This is the official PyTorch implementation of "VoxInstruct: Expressive Human Instruction-to-Speech Generation with Unified Multilingual Codec Language Modelling", accepted by ACM MM2024 as Oral.

Demopage is available at: VoxInstruct Demo

In this repository, we provide the VoxInstruct model, inference scripts, and the checkpoint that has been trained on the internal large-scale <instruction, speech> dataset.

Installation

You can install the necessary dependencies using the requirements.txt file with Python 3.9.18:

conda create -n voxinstruct python=3.9.18
pip install torch==2.3.0 torchvision==0.18.0 torchaudio==2.3.0 --index-url https://download.pytorch.org/whl/cu121
pip install -r requirements.txt

Due to storage limitations, we have saved the model checkpoints on Google Drive at https://drive.google.com/drive/folders/1LoVAnMiwAq4X-OI0U2UQJsIEs7G6o0L0?usp=sharing.

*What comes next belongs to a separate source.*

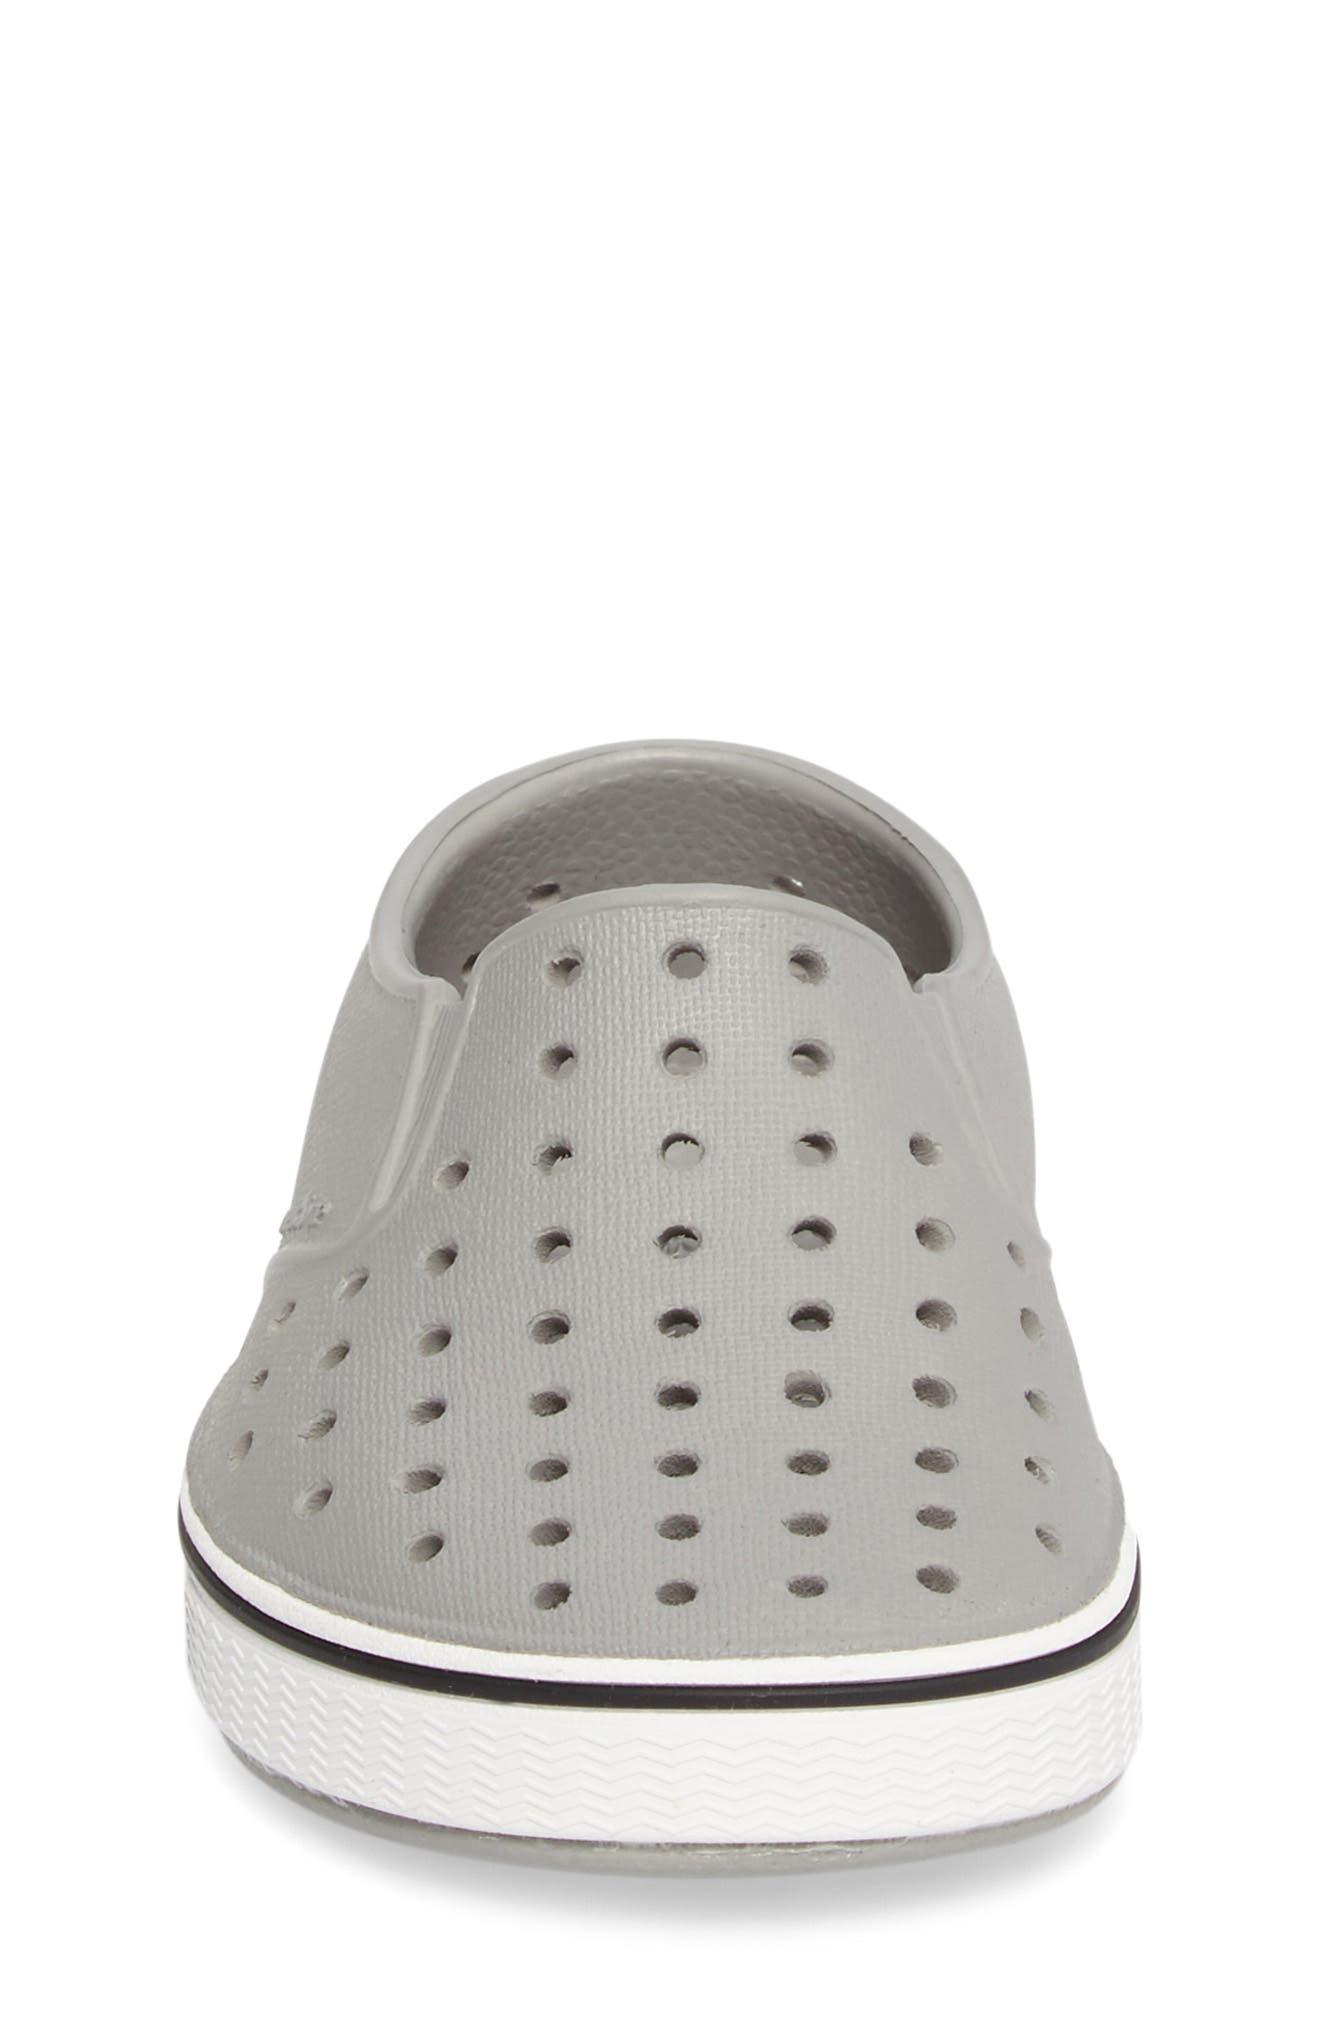 Miles Water Friendly Slip-On Sneaker,                             Alternate thumbnail 4, color,                             Pigeon Grey/ Shell White

You can download the models and save them in the pretrained folder.

Inference

To run inference, firstly input your instructions at the examples/example_instructions.txt.

Each line in the file represents a sample to be generated, with the format as: <sample_name>|<lang_id>|<instruction_text>|<(optional)speech_prompt_path>.

<lang_id> indicates the pronunciation tendency of the synthesized speech (0 represents English, 1 represents Chinese). When using a speech prompt, the transcript of the speech prompt should be included in the content part of the instruction.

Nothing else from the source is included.